Amendment 426 would prevent the co-ordinating doctor from finalising the first assessment process until they had received confirmation from a multidisciplinary team—as set out in amendment 425—that the person seeking assistance to end their own life had met with the multidisciplinary team. The Committee may wish to note that under the amendment there would be no requirement on the multidisciplinary team to provide that confirmation in a given timeframe. That might lead to delays in the co-ordinating doctor being able to make their statement and onward referral.
Amendment 286 would remove the requirements in paragraphs (a) to (c) of clause 9(2) and insert three new requirements. The three new conditions require the assessing doctor, for both the first and second assessment, to consult specialists in relation to the person’s diagnosis and prognosis, any treatments available and the likely effect of those treatments, and any palliative, hospice or other care, including symptom management and psychological support.
The Committee may wish to note that, as drafted, amendment 286 might have some unintended consequences. That is because by replacing clause 9(2)(a), (b) and (c), it would remove the words
“explain to and discuss with the person being assessed”
at clause 9(2)(b). Consequently, the amendment would remove the requirement for the assessing doctor to have a discussion with the person about the factors currently set out in clause 9(2)(b). The assessing doctors would also not be required to examine the person and their medical records, and to make other inquiries as they consider appropriate.

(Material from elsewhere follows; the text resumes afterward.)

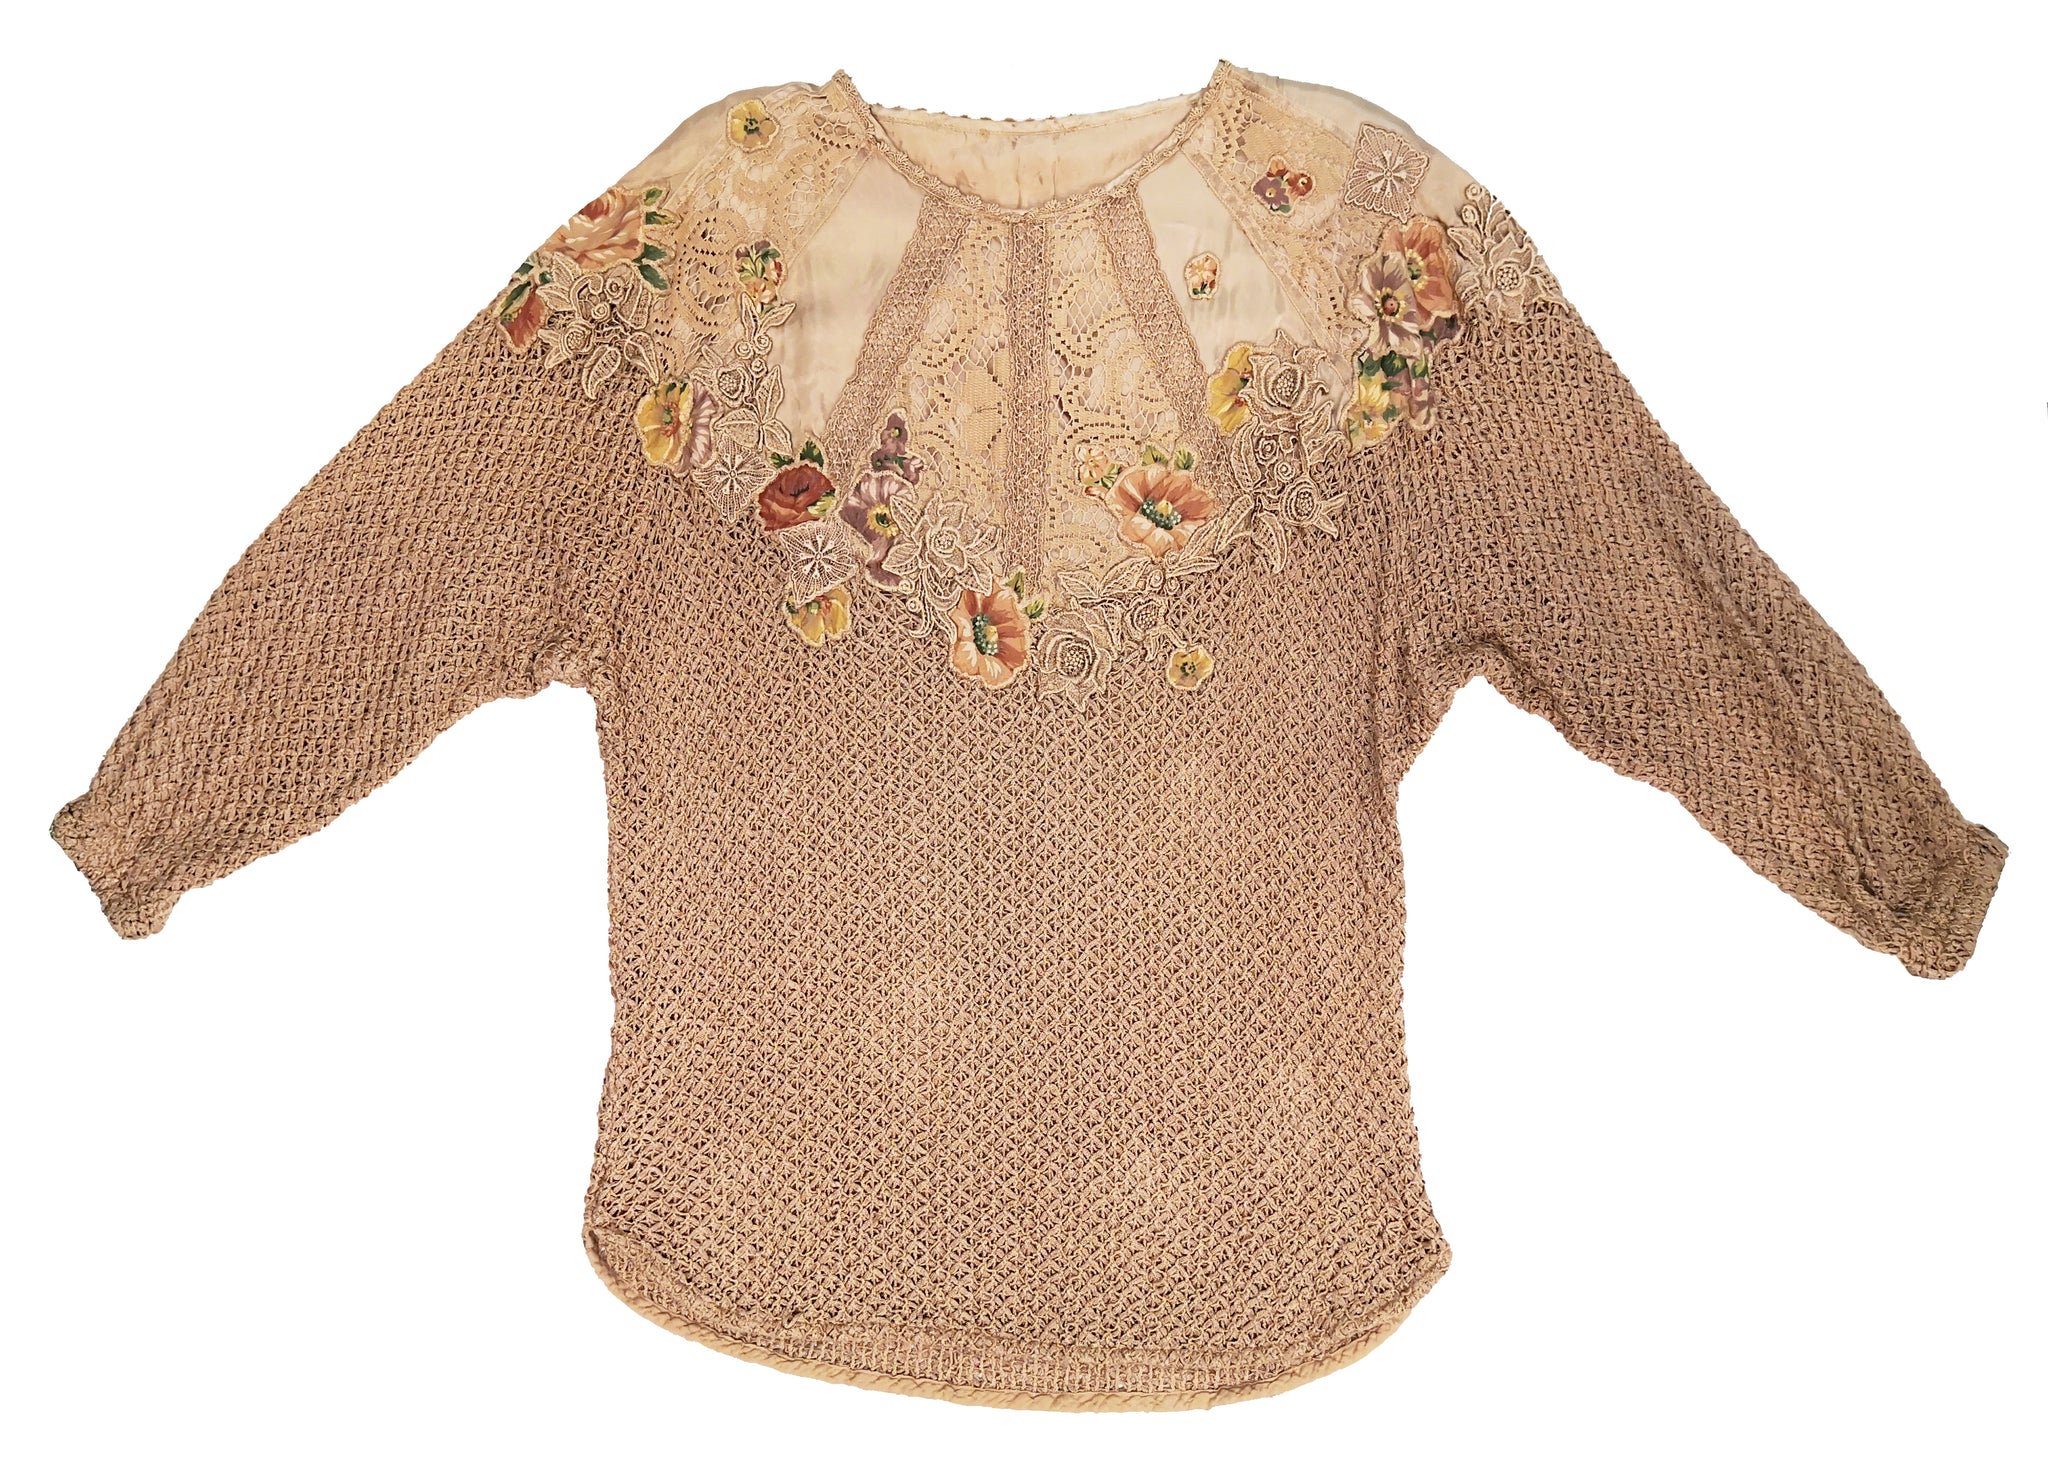 Norma Vintage _caramel sweater

The amendment could also lead to a significant loss of essential discussion between the assessing doctors and the person seeking assisted dying. The removal of clause 9(2)(b) would eliminate the requirement to explain and discuss the diagnosis and prognosis, treatment options and palliative care. Additionally, the amendment would remove the requirement to discuss the person’s wishes in the event of complications arising in connection with the self-administration of an approved substance, which may be seen as important for fully informed decision making.

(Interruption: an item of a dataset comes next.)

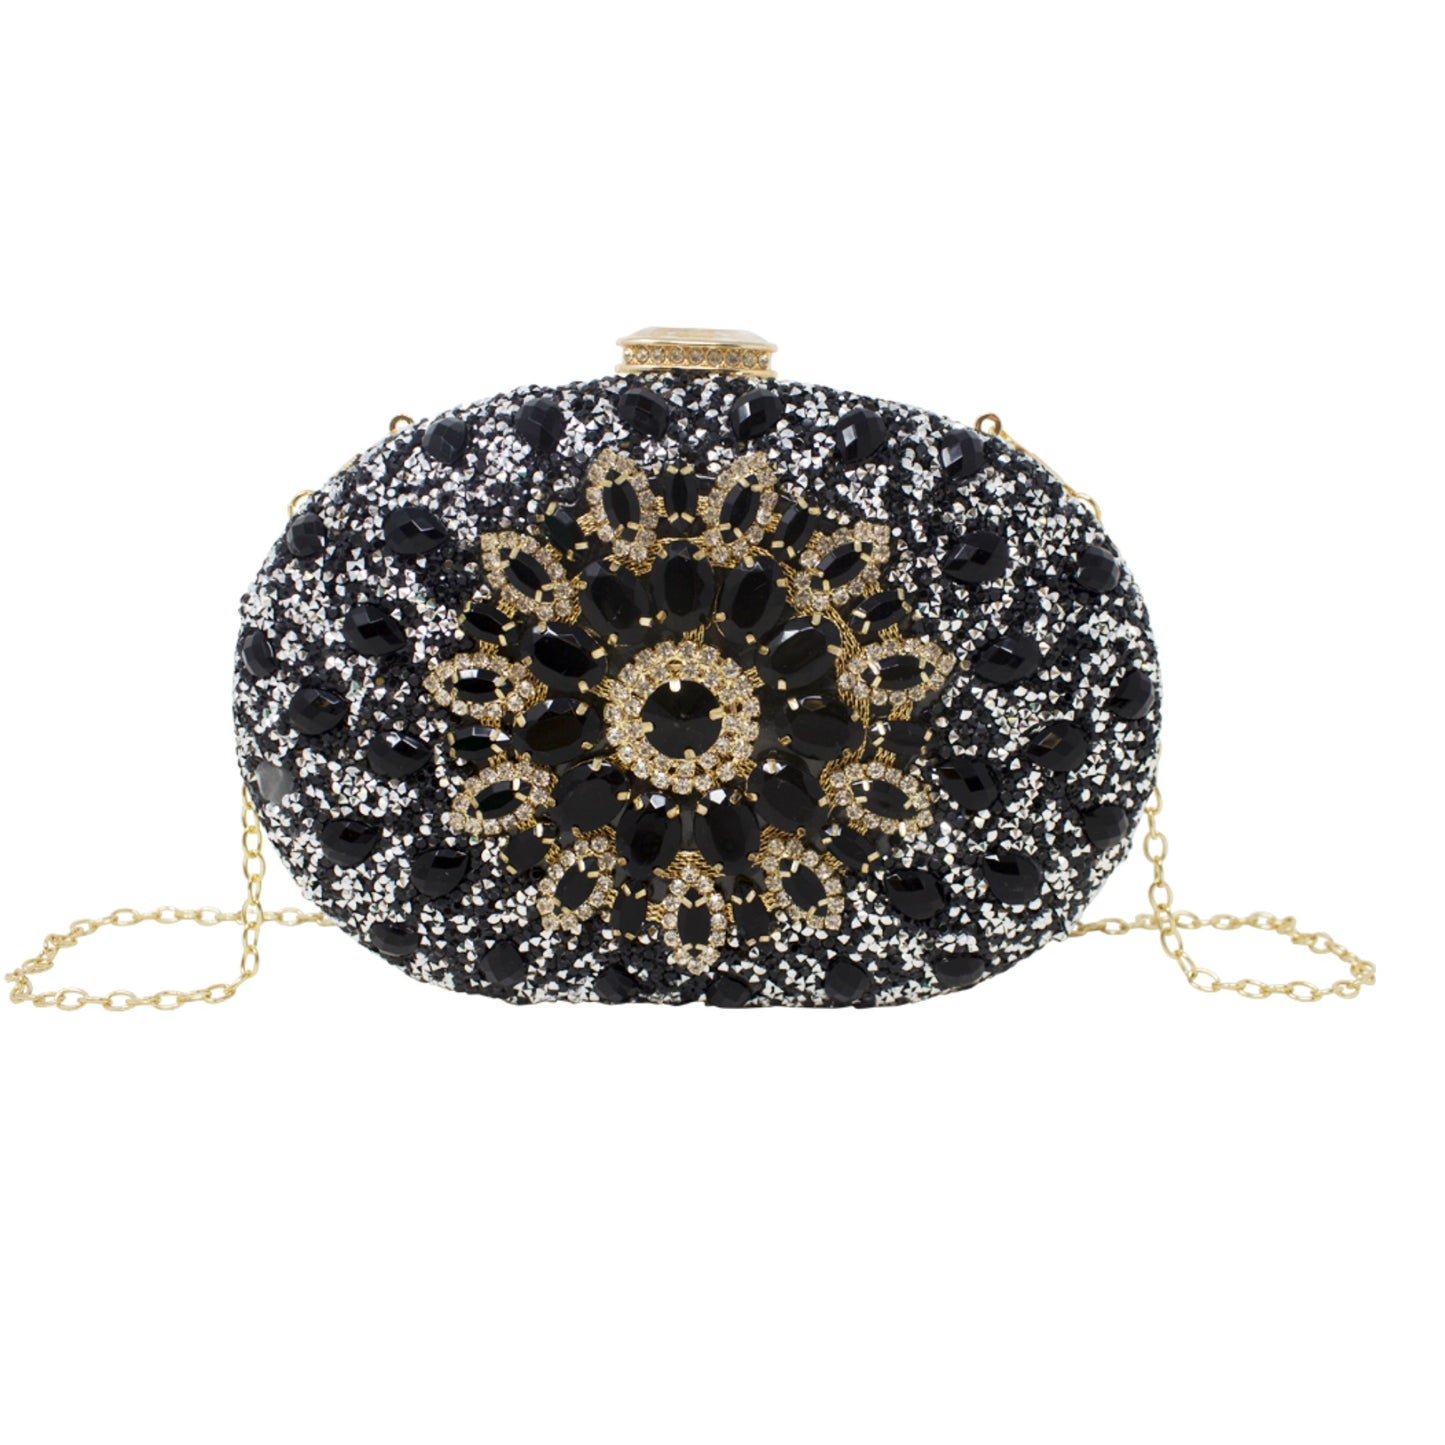 Sparkly Black Gold Diamante Encrusted Clutch Bag

I thank the Committee for its attention.
I will try to keep my comments as brief as possible because we have had another very thorough discussion. First, my amendment 424 is, as the Minister said, a simple drafting change in clause 40 that confirms that “preliminary discussion” means a discussion as per clause 4(3).
Amendment 275 from my hon. Friend the Member for Sunderland Central would, in many circumstances, broaden the scope of the conversation that the doctor would have with the patient, and I am happy to support it.

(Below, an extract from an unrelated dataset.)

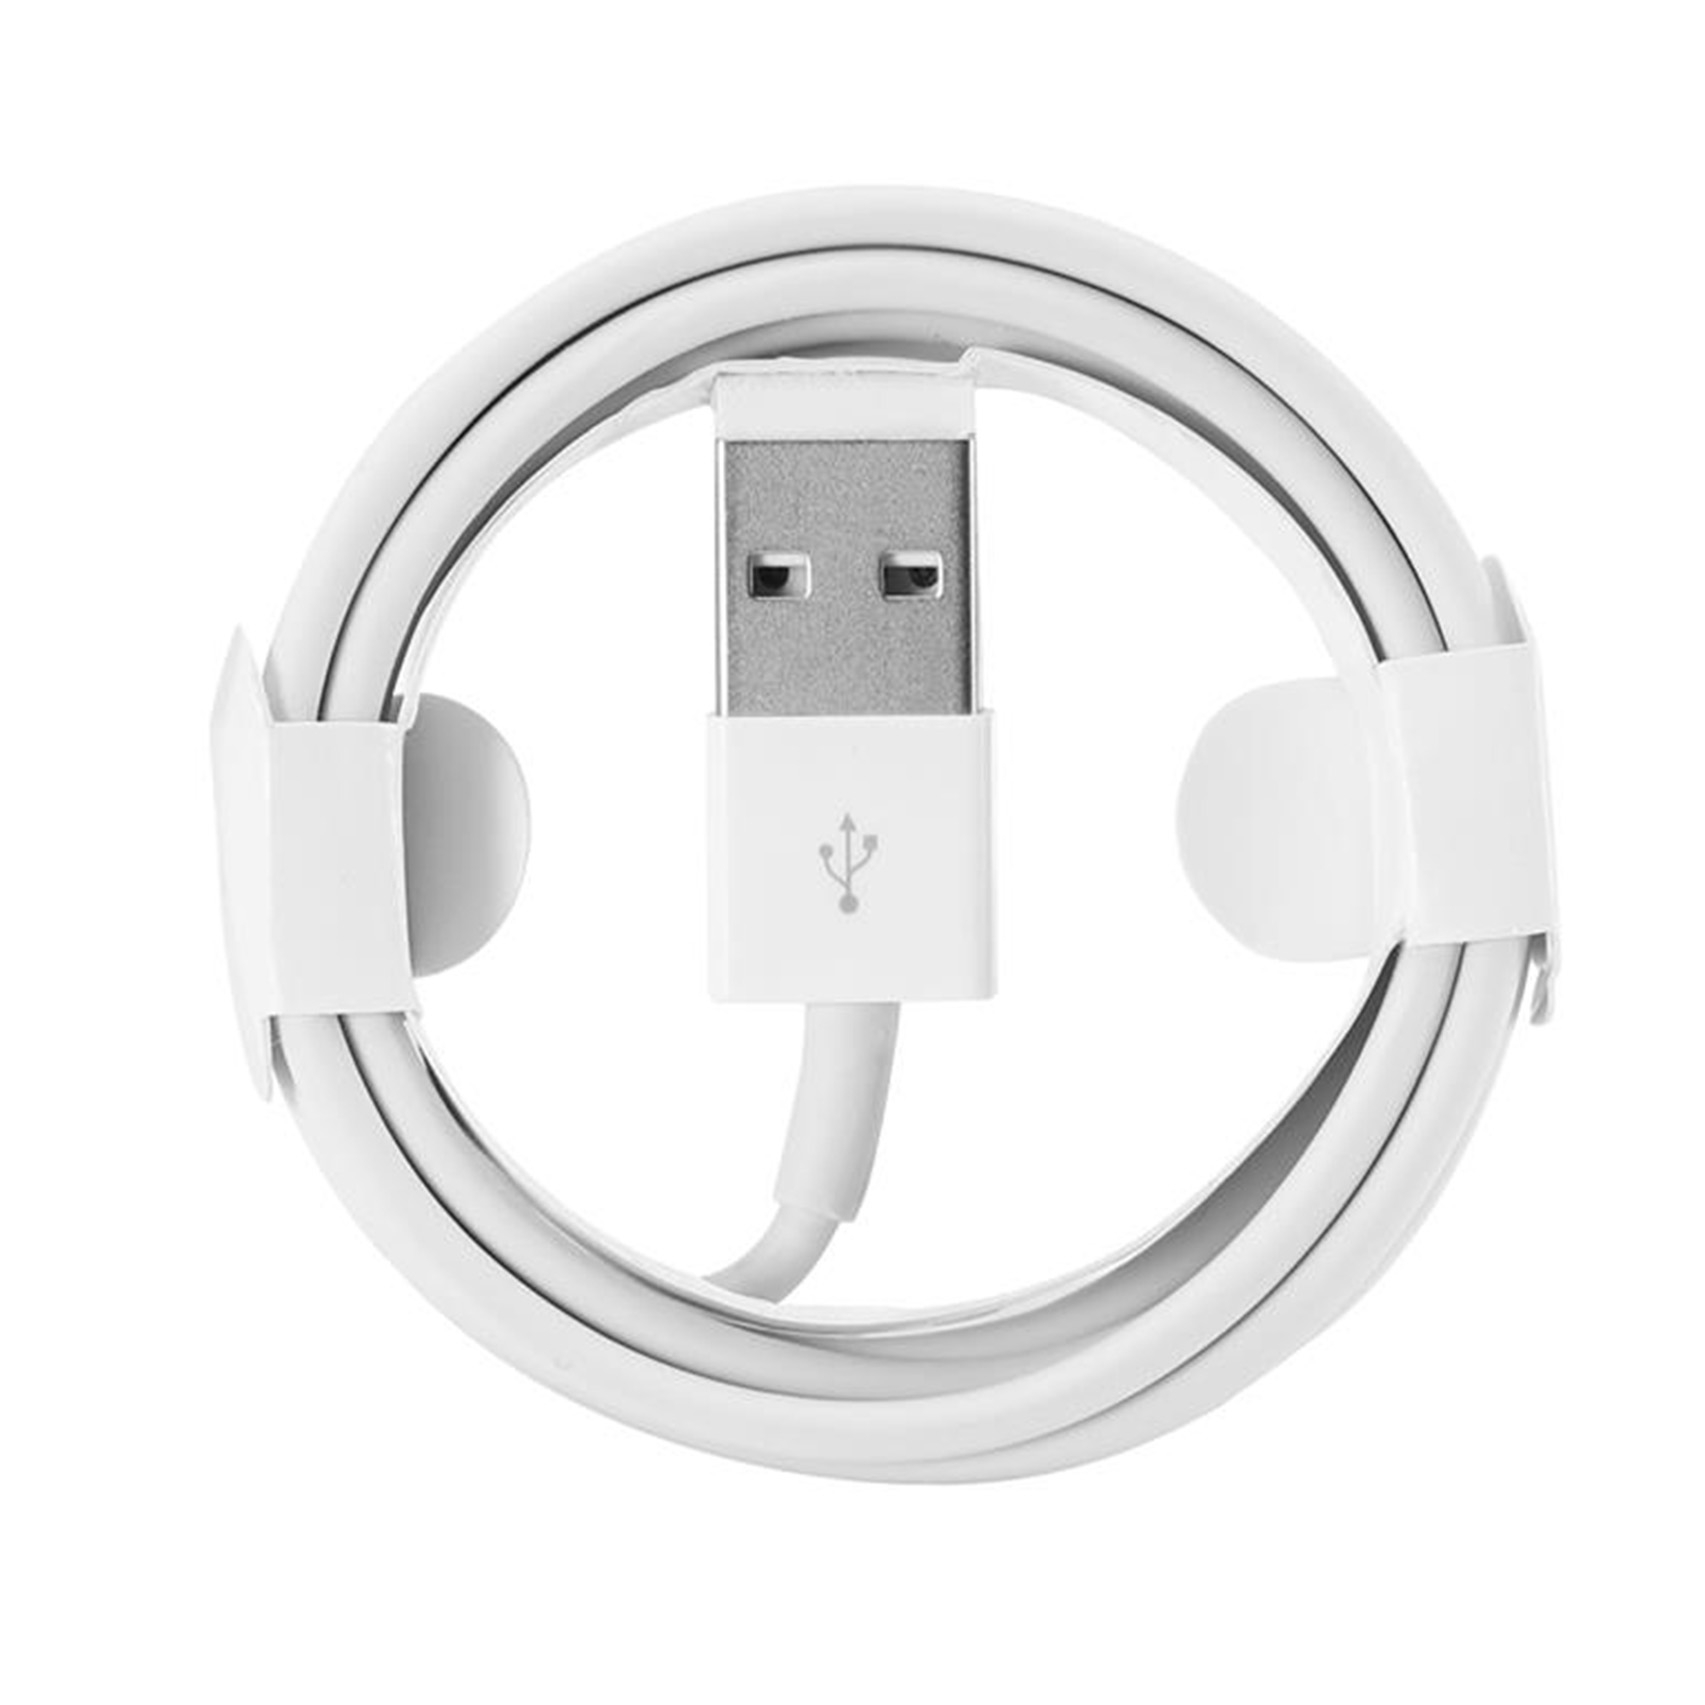 3x iPhone 6 Plus Lightning auf USB Kabel 1m Ladekabel

I am also happy to support the very sensible amendment 108 from my hon. Friend the Member for East Thanet (Ms Billington). It is perfectly acceptable to ask the doctor to offer to refer the patient to a specialist, as they would probably do in most cases anyway, but the amendment is for clarity.
I refer colleagues to the comprehensive comments on my amendment 183 earlier in proceedings, and also to the support of the British Medical Association. Following Second Reading, I listened carefully to Members’ concerns about the possibility of doctors only discussing assisted dying with patients. Even though the Bill states that that cannot be the case, for the avoidance of any doubt the amendment emphasises that the initial discussion mentioned in clause 4(3) may not be conducted without also explaining and discussing the matters mentioned in subsection (4). Accordingly, such a preliminary discussion may not be conducted in isolation from an explanation of and discussion about the matters mentioned in paragraphs (a) to (c) of that subsection—that is, doctors cannot discuss the option of assisted dying in isolation but only in conjunction with discussion about all other available and appropriate treatment.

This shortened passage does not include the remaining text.